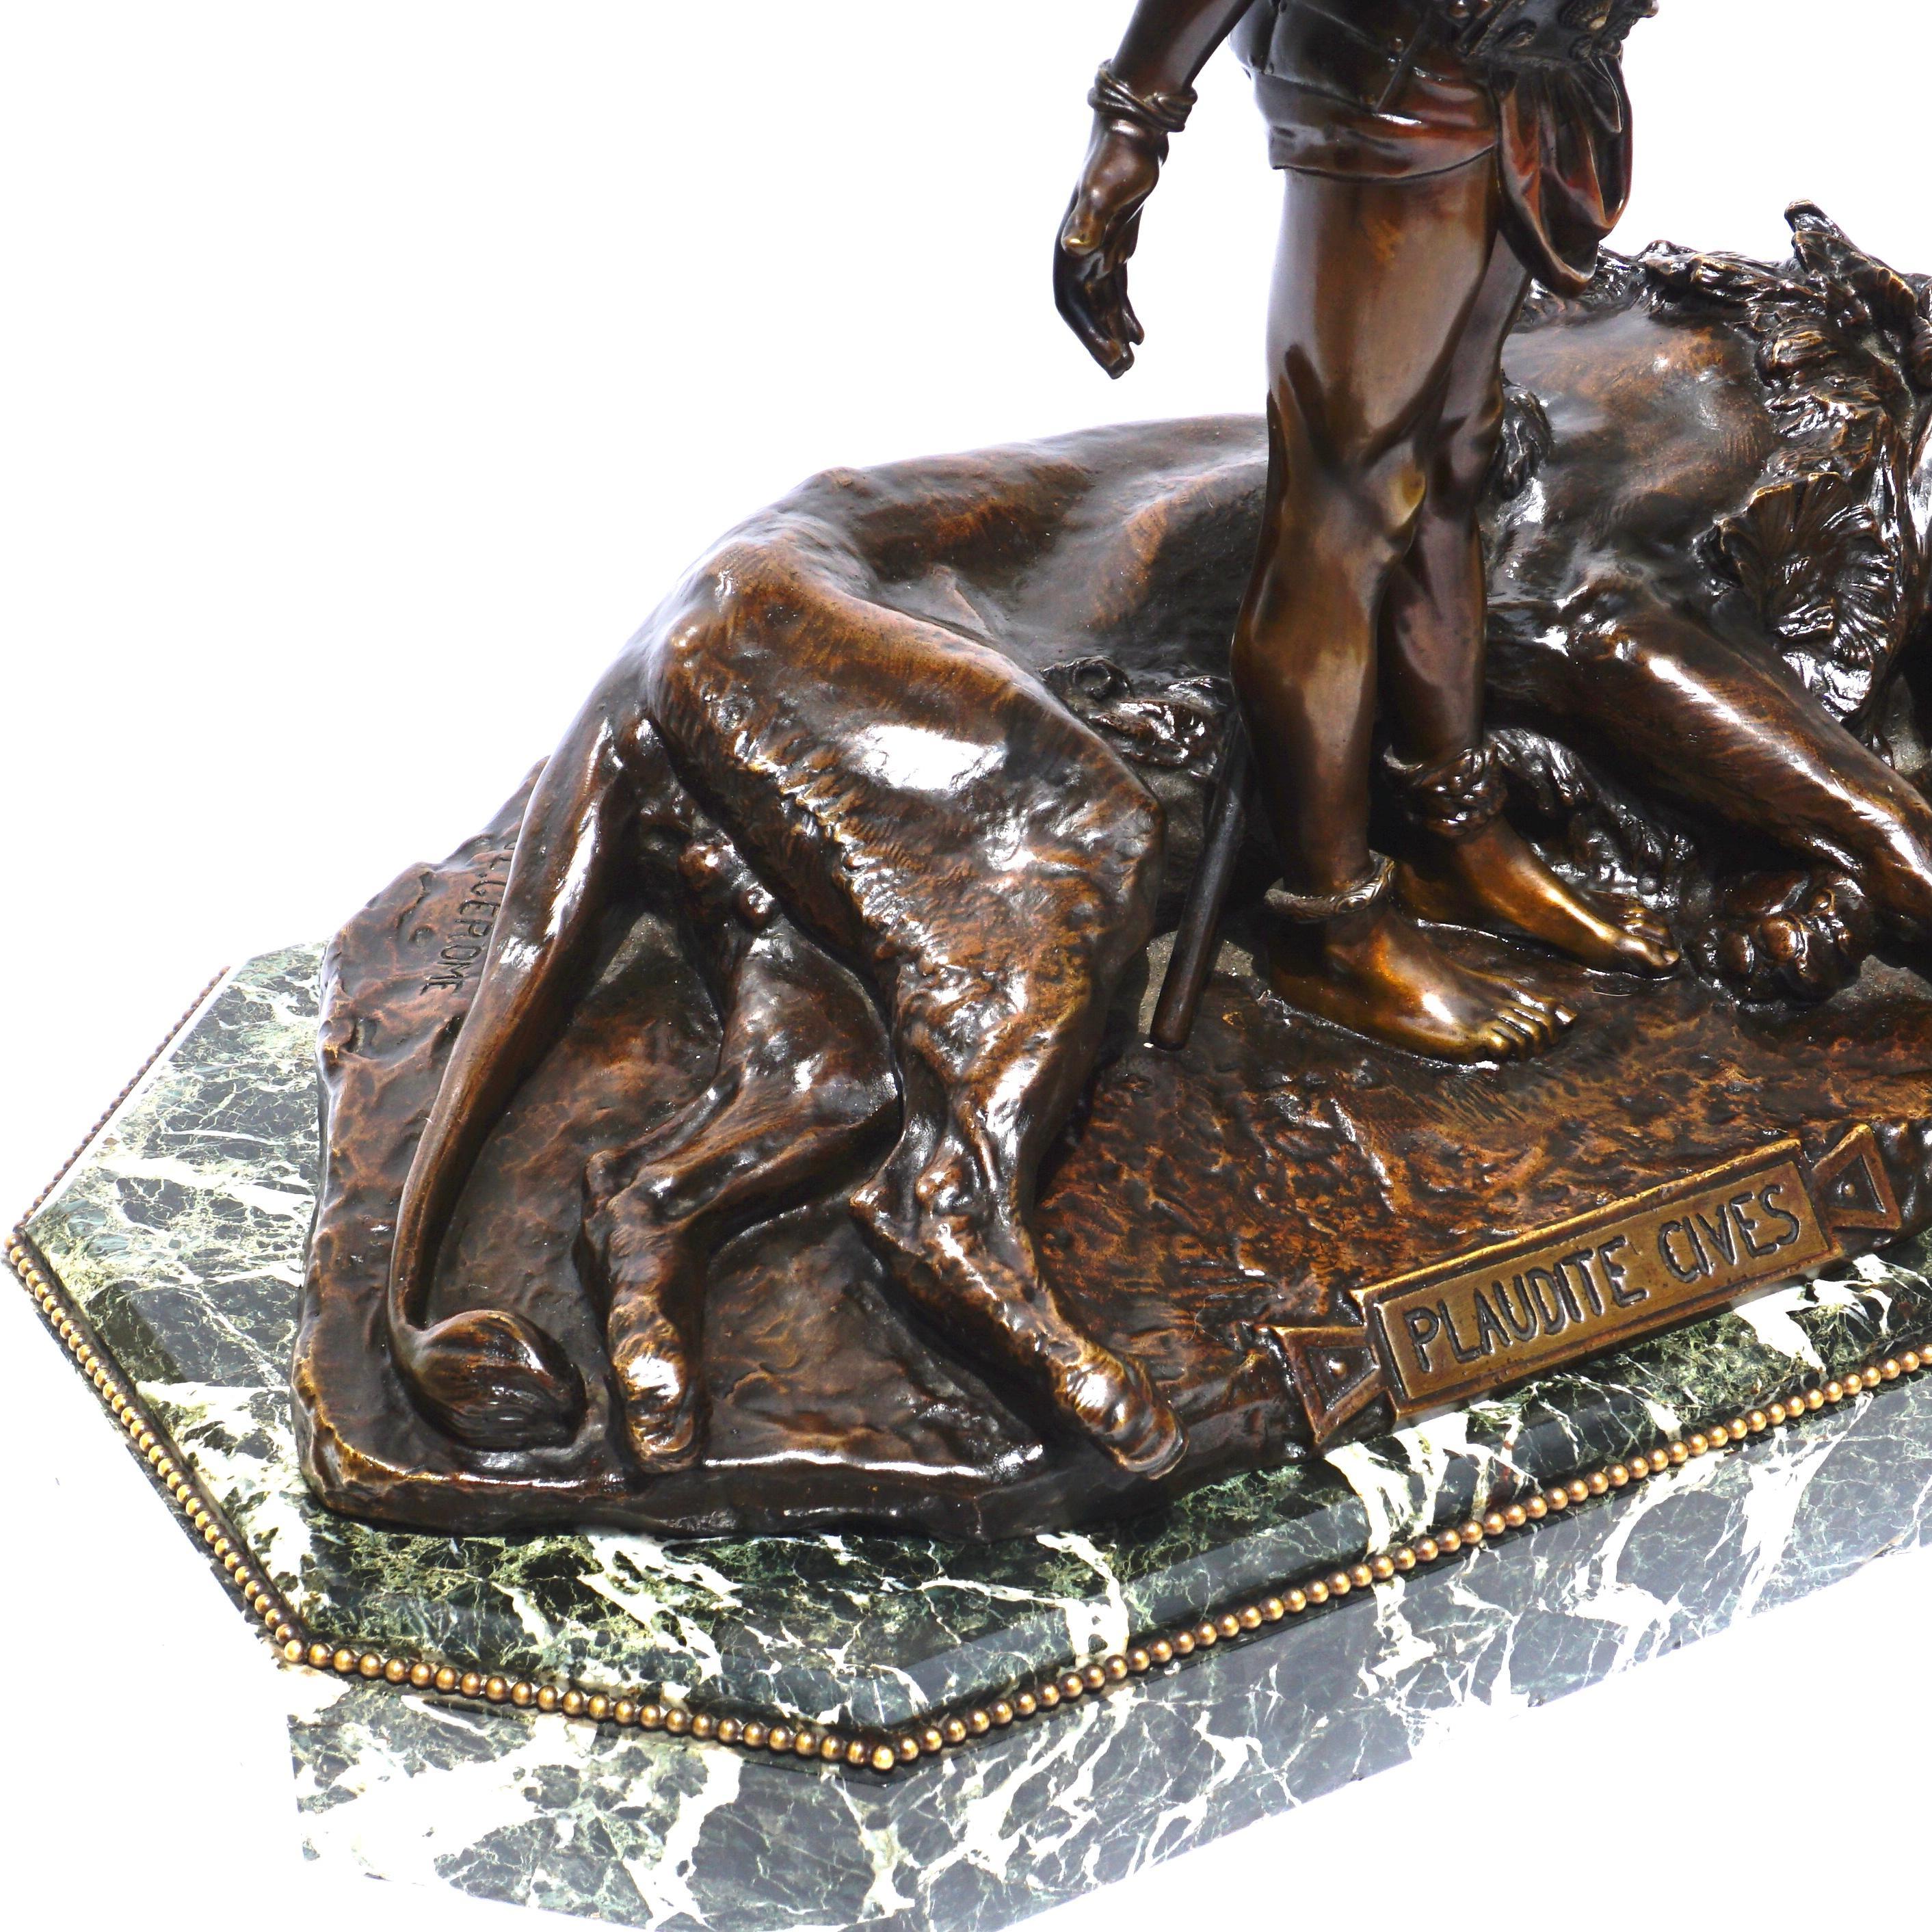 Jean Leon Gerome Plaudite Cives Bronze sculpture For Sale 2
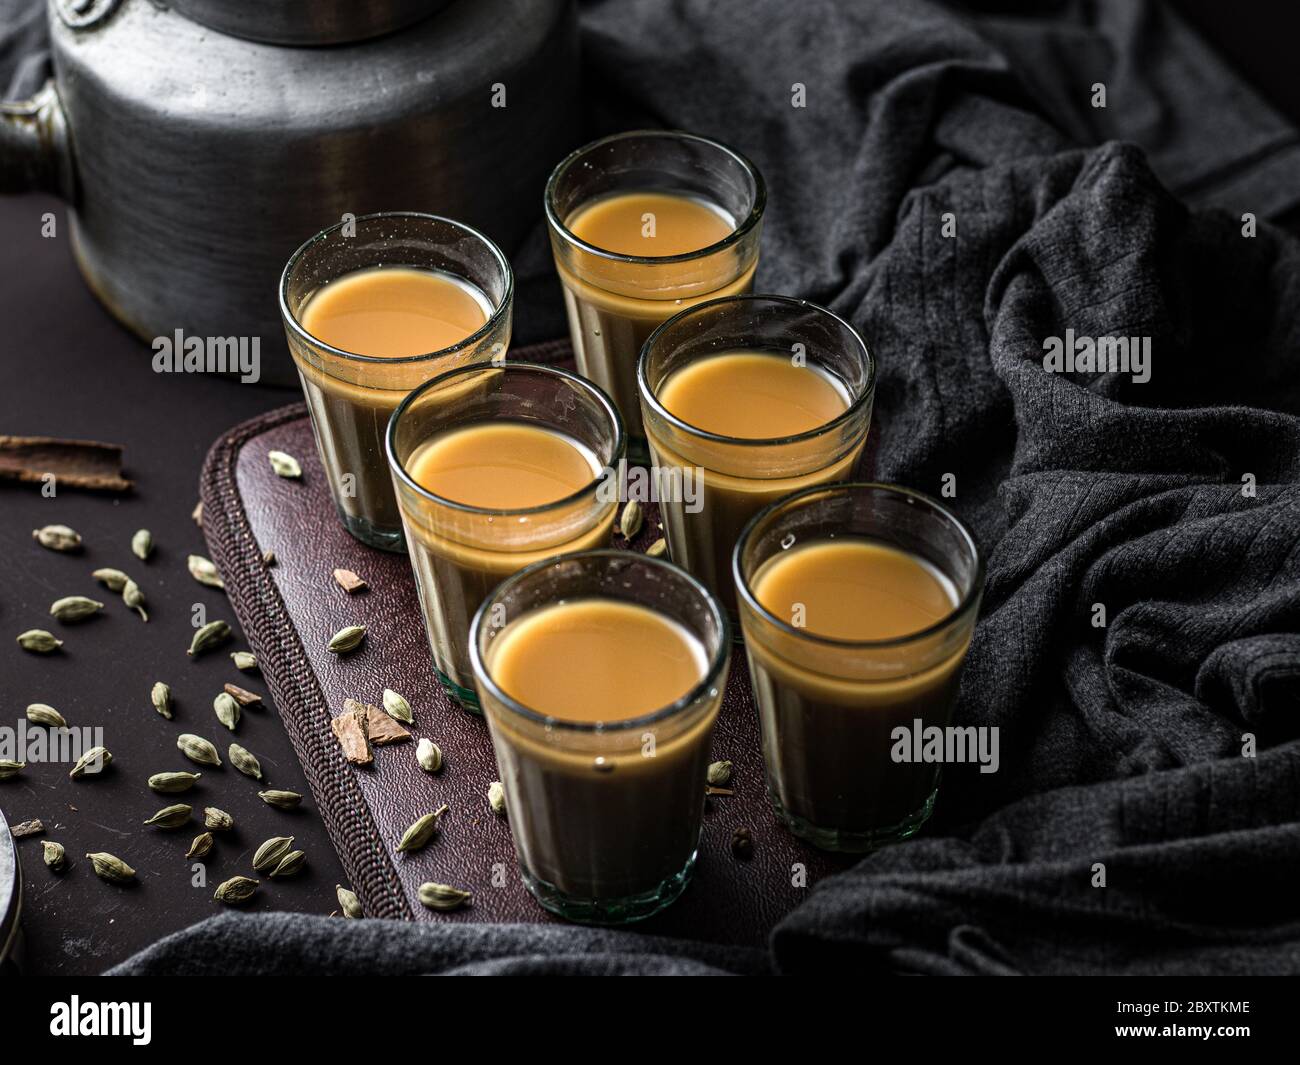 Indischer Chai in Glas Tassen mit Metall-Wasserkocher und andere Masalas,  um den Tee zu machen Stockfotografie - Alamy
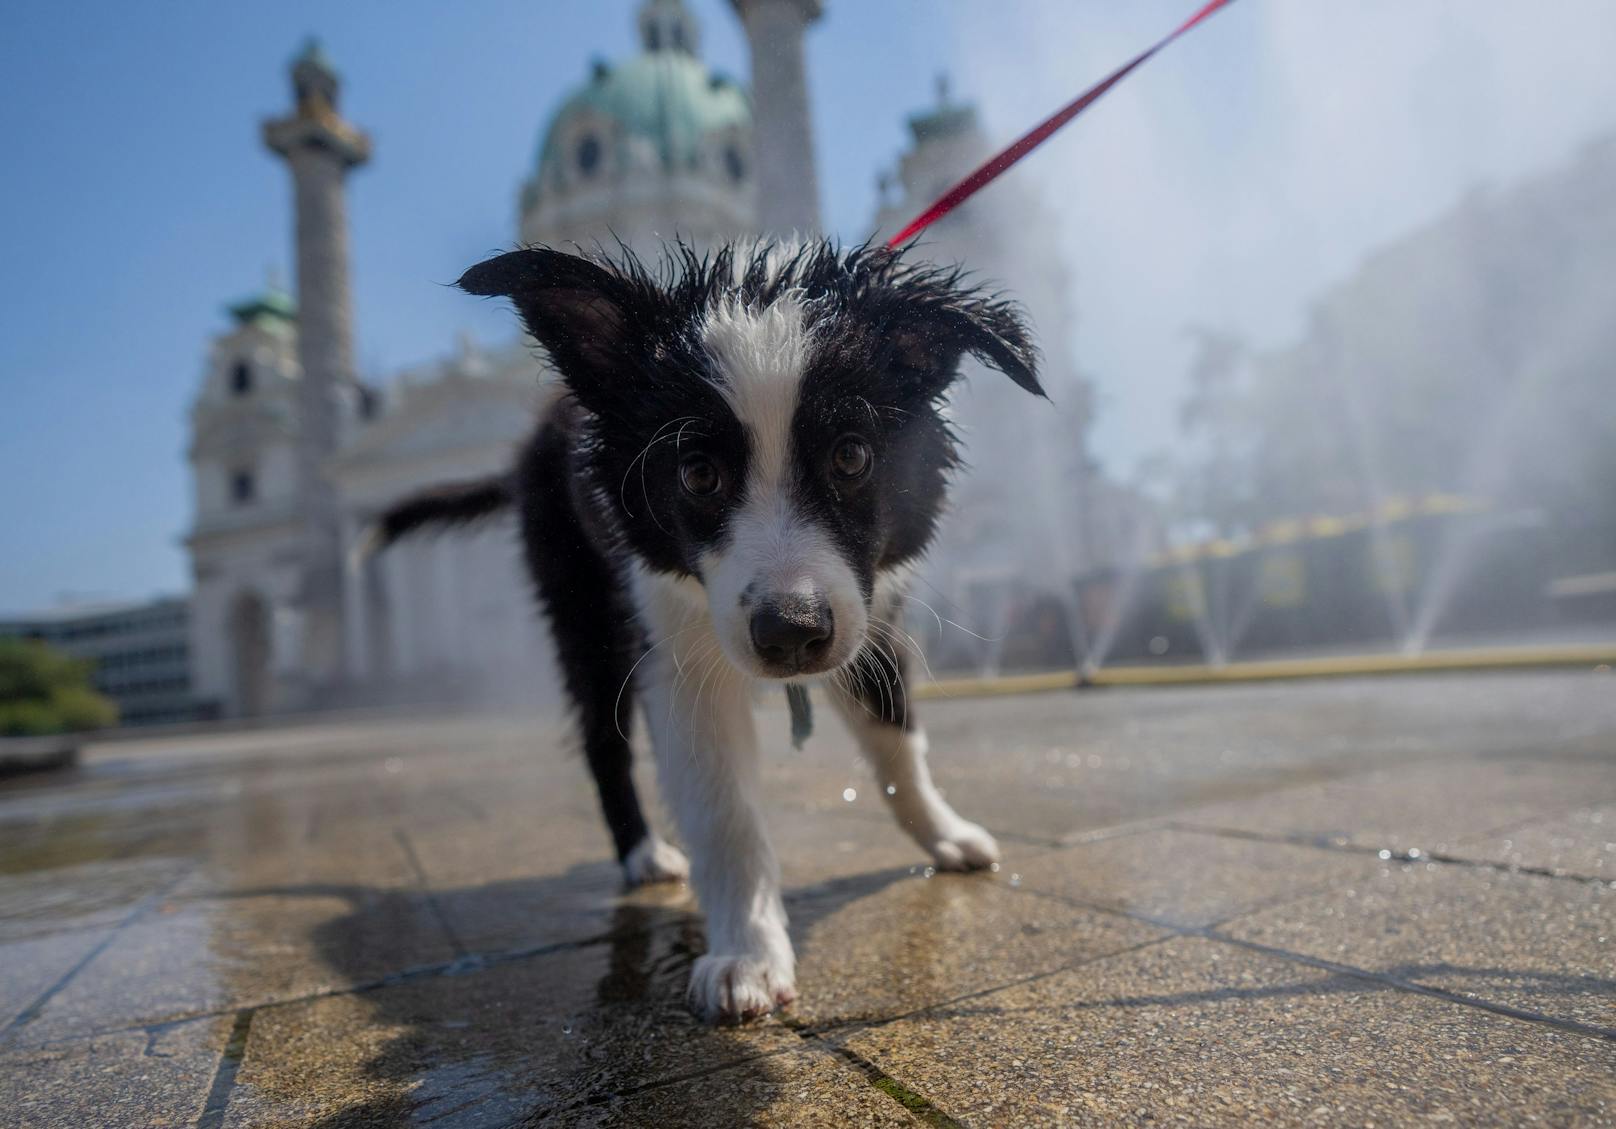 "Hundstage" in Wien! Eine Karte zeigt, wo es in Wien jetzt besonders heiß ist.
===============
§ What is expected:
Produce an exact copy of each line of data, skipping embedded images.

§ Exercise response:
 Jean Leon Gerome Plaudite Cives Bronze sculpture For Sale 2
 Indischer Chai in Glas Tassen mit Metall-Wasserkocher und andere Masalas,  um den Tee zu machen Stockfotografie - Alamy
 "Hundstage" in Wien! Eine Karte zeigt, wo es in Wien jetzt besonders heiß ist.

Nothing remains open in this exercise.